_INSTRUCTIONS TO FOLLOW_
Print the data exactly as written, but leave out each picture.
STORED DATA section start
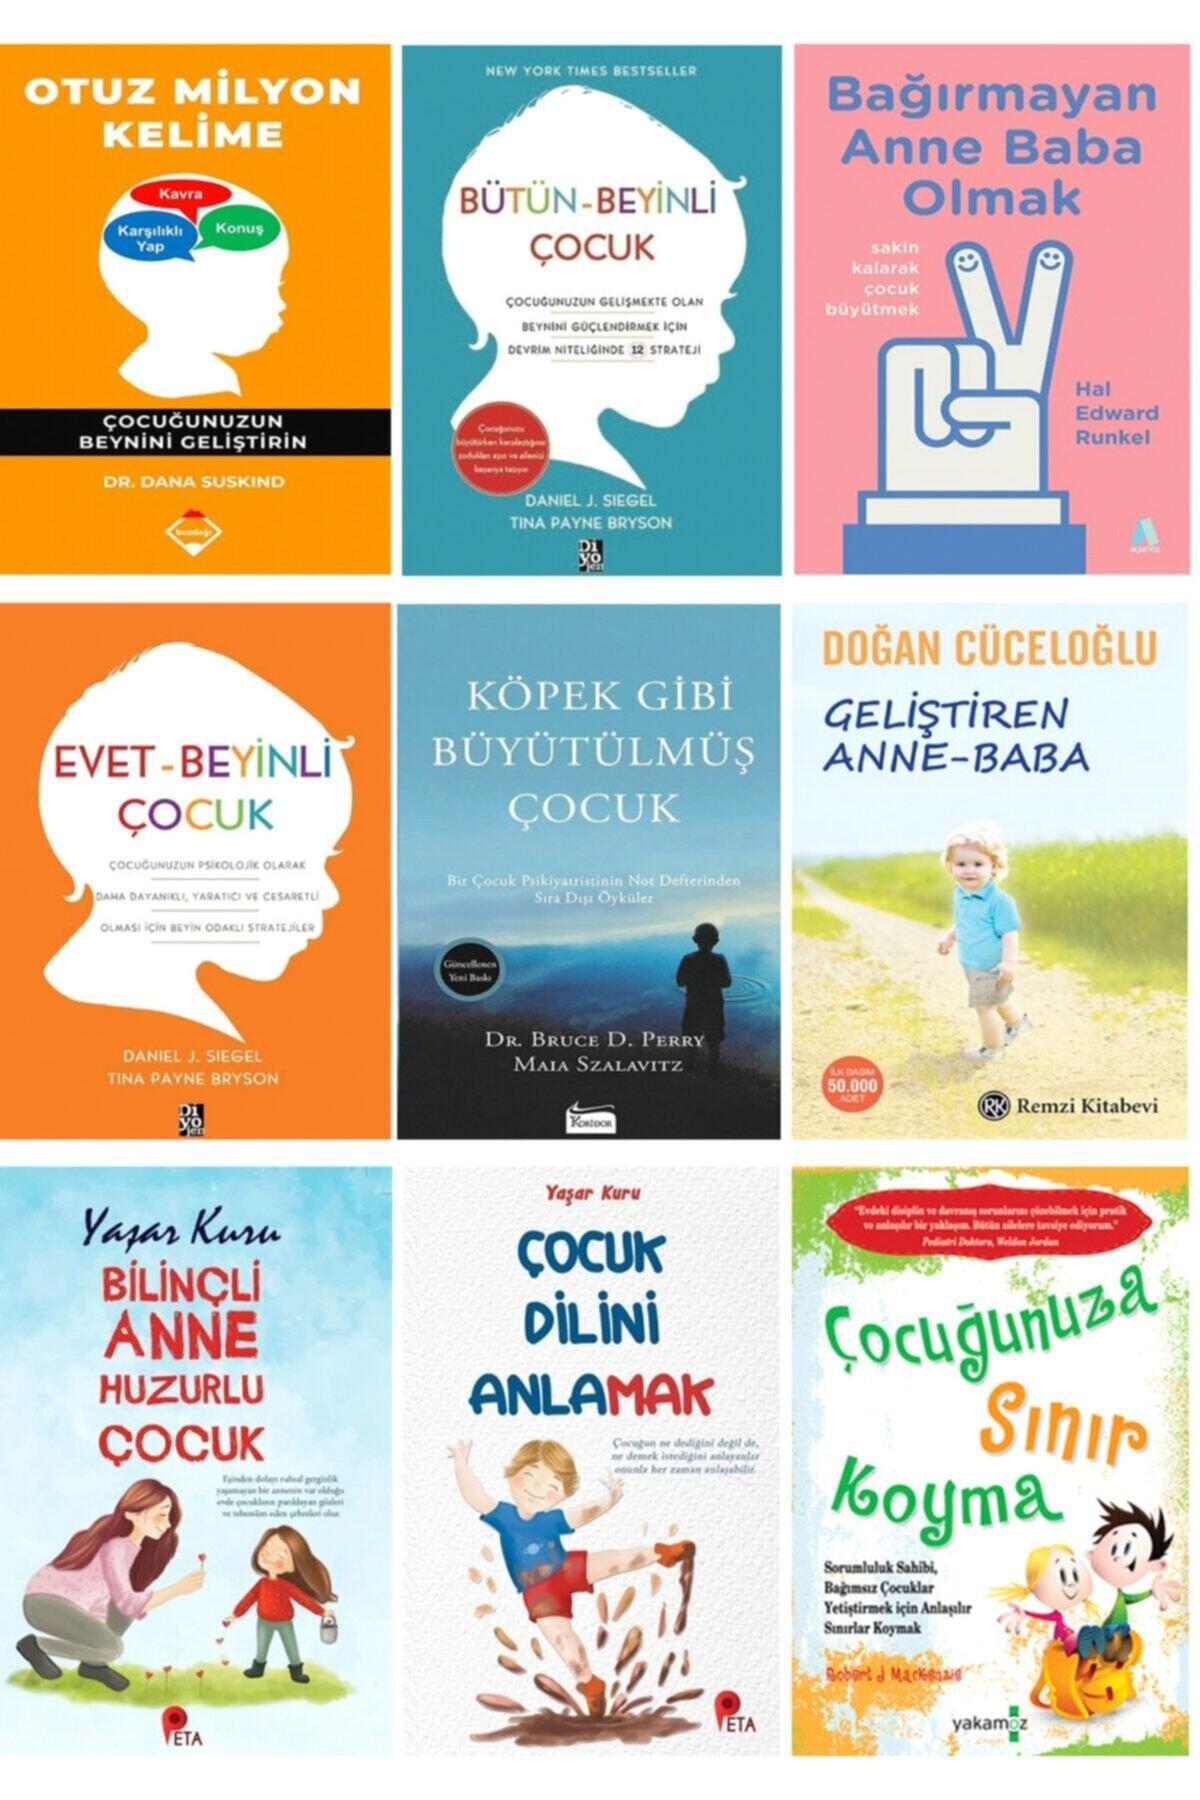 peta kitap Çocuk Gelişim Seti (Otuz Milyon Kelime, Bütün-beyinli Çocuk, Bağırmayan Anne Baba Olmak + 6 Kitap) 1
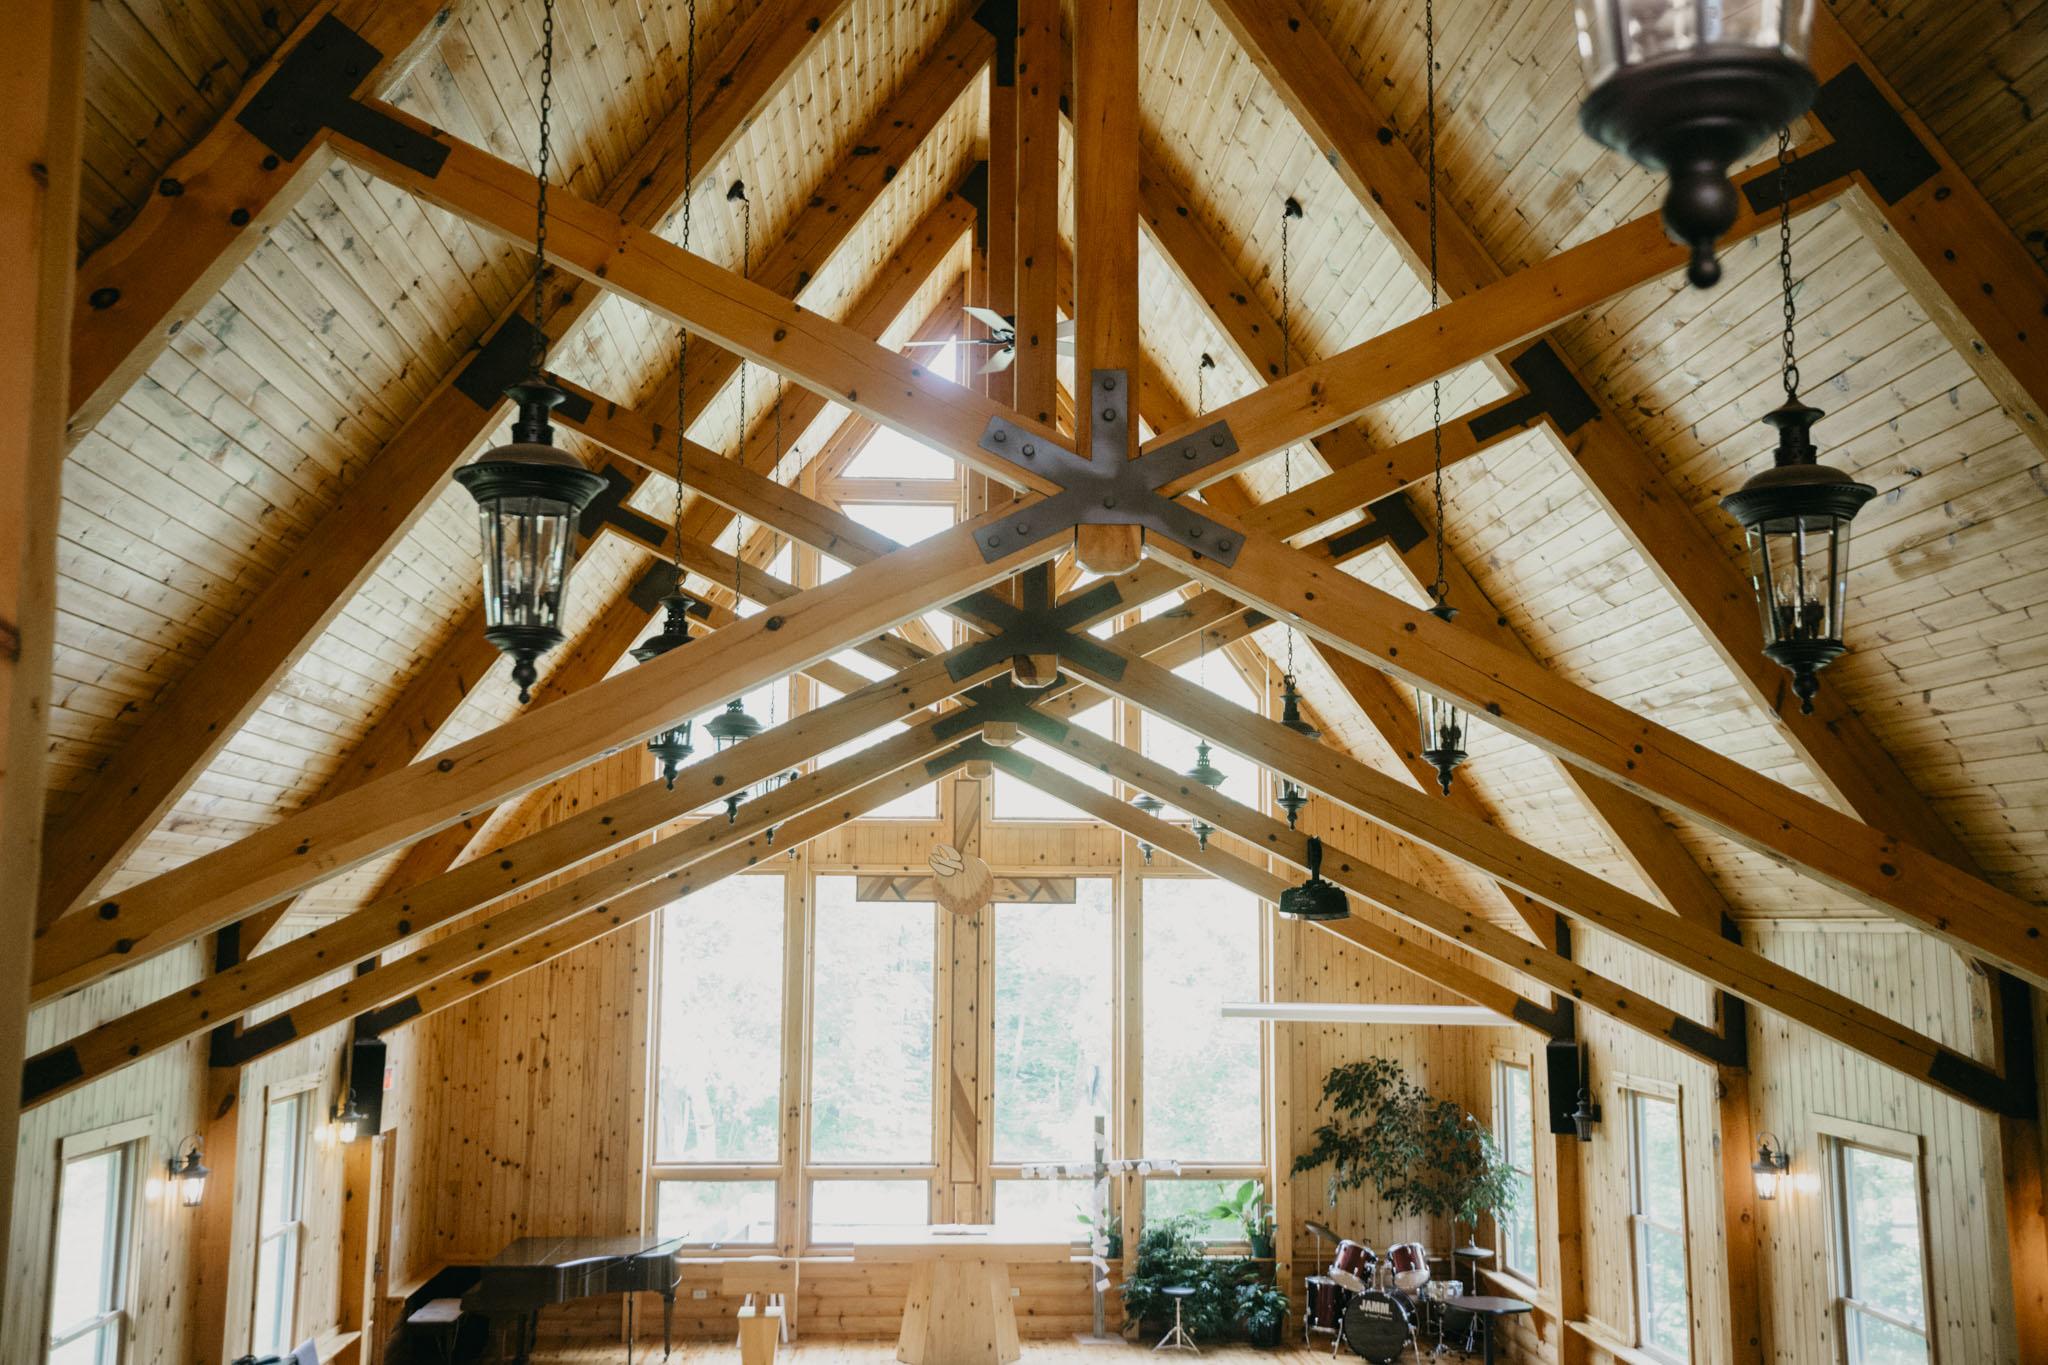 retreats facility tour
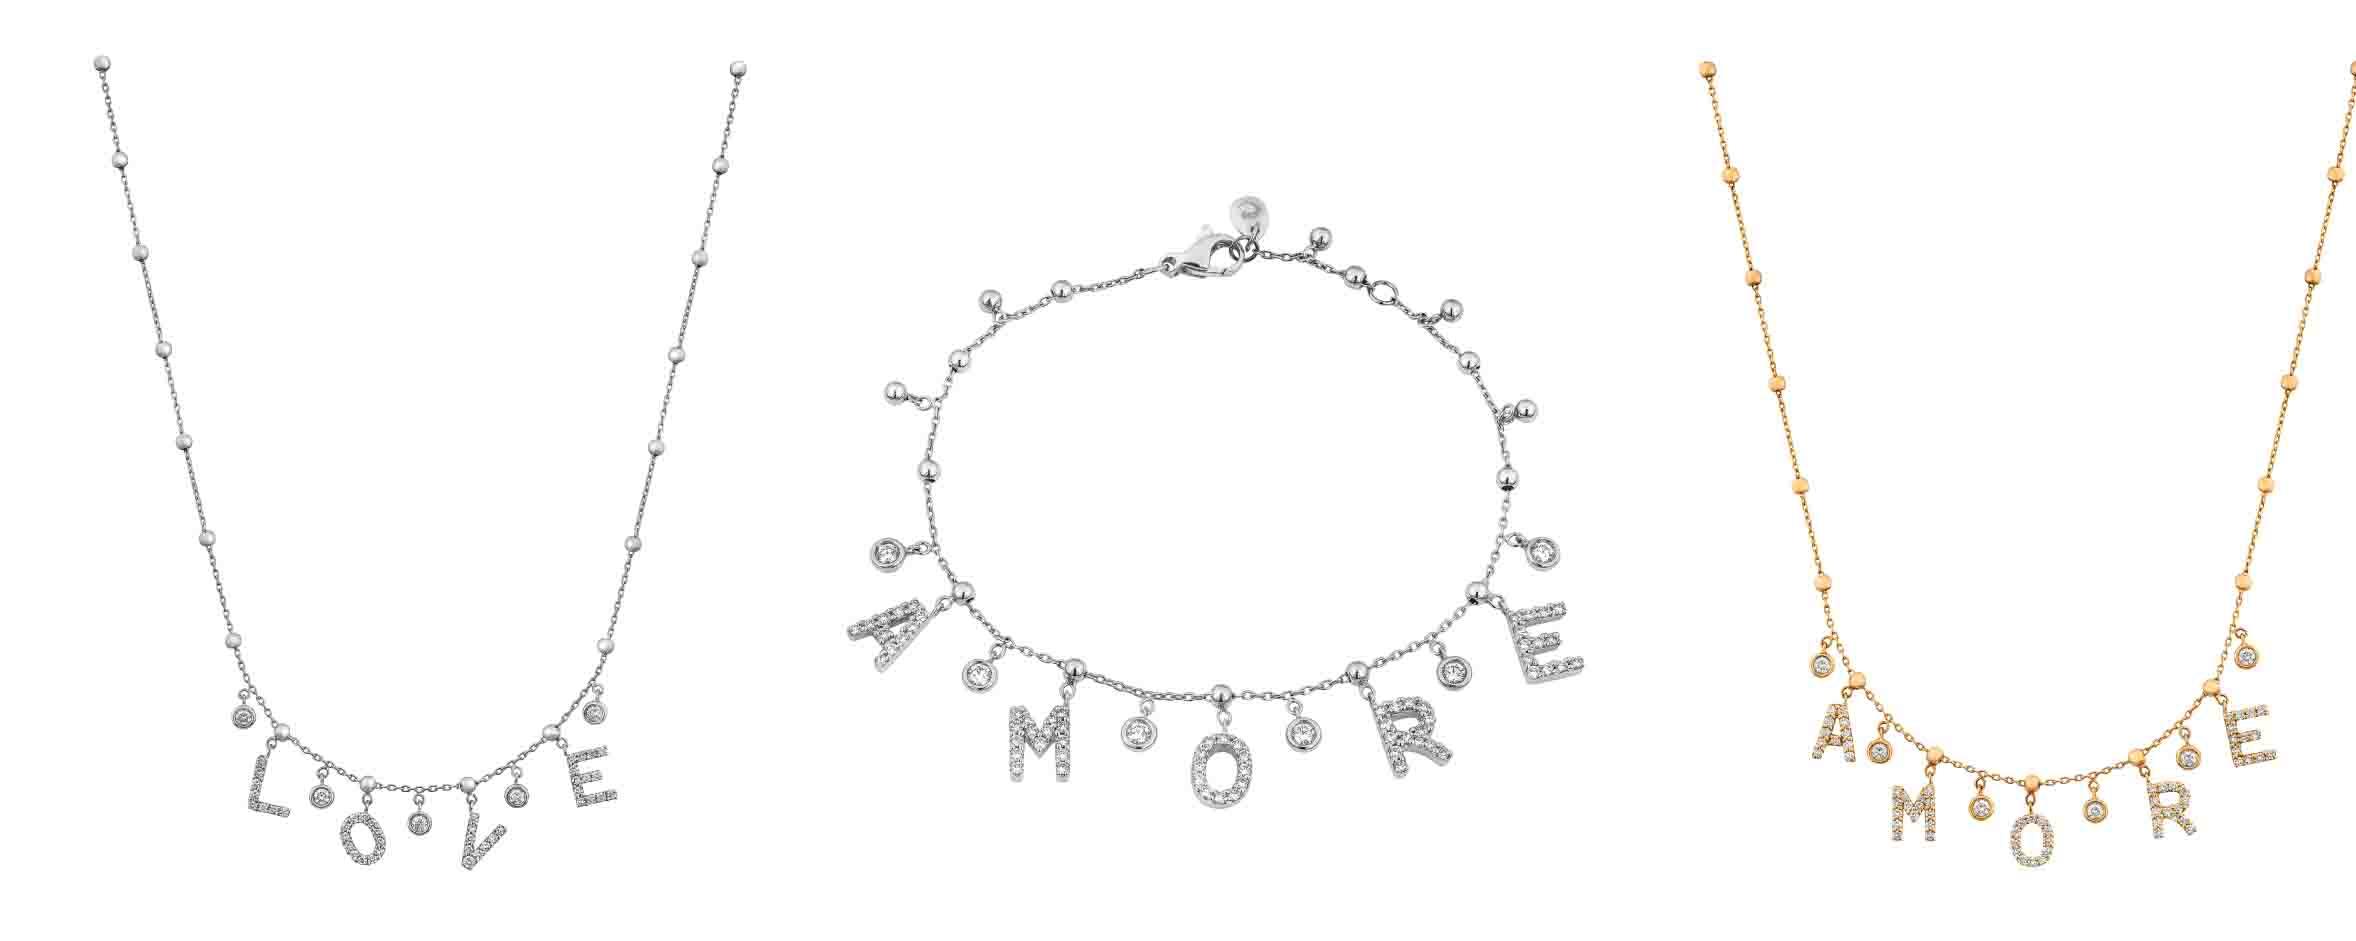 Berger Amore, la colección de joyas ideal para demostrar tu amor por ella
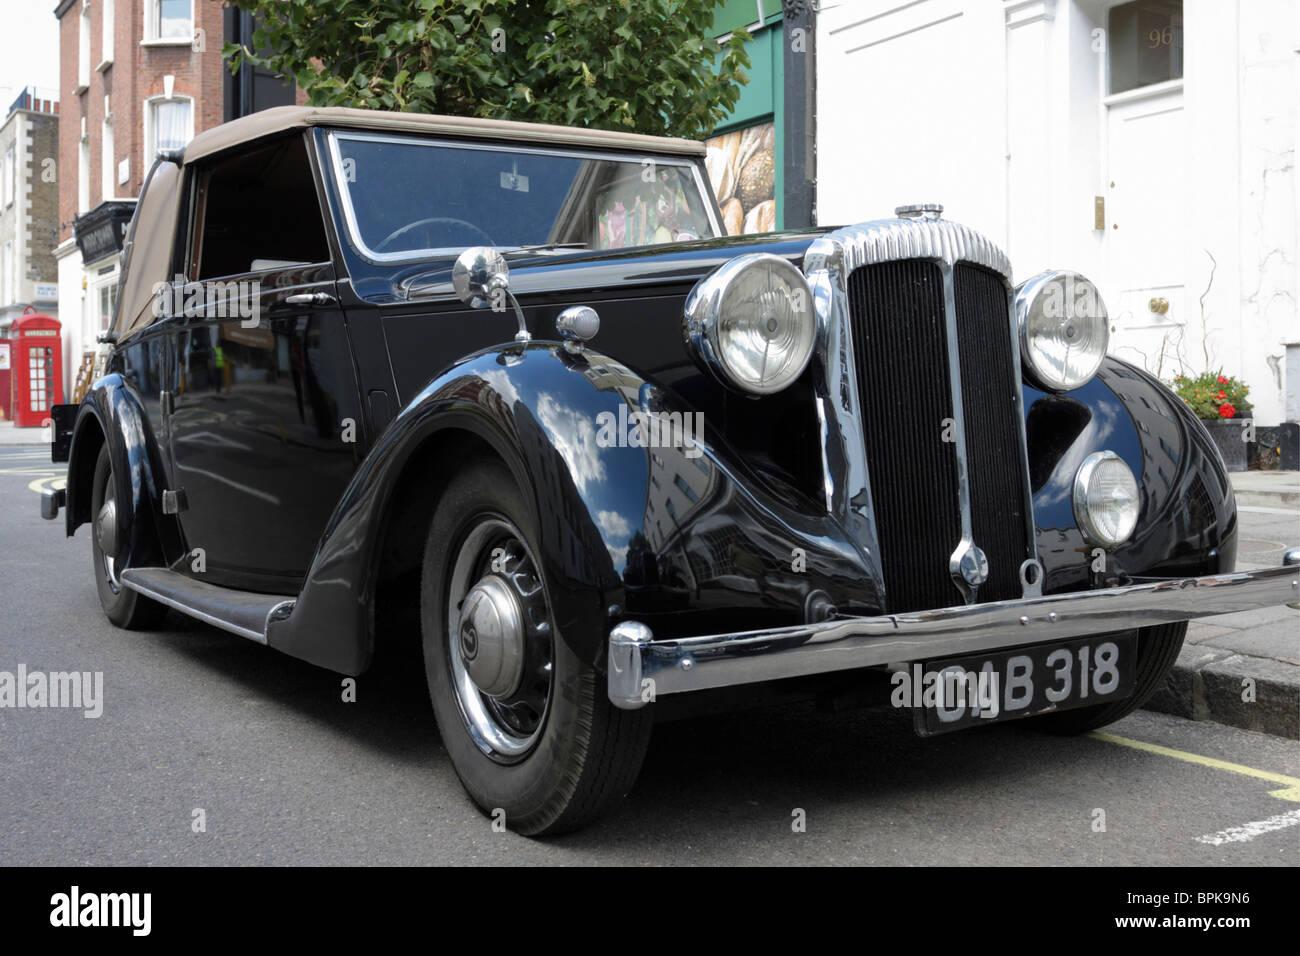 Dieses wunderbare Beispiel für eine Daimler-Verdeck, gesehen hier öffentlich ausgestellt, während Stockbild
STORED DATA section end
_TASK SOLUTION_
 peta kitap Çocuk Gelişim Seti (Otuz Milyon Kelime, Bütün-beyinli Çocuk, Bağırmayan Anne Baba Olmak + 6 Kitap) 1
 retreats facility tour
 Berger Amore, la colección de joyas ideal para demostrar tu amor por ella
 Dieses wunderbare Beispiel für eine Daimler-Verdeck, gesehen hier öffentlich ausgestellt, während Stockbild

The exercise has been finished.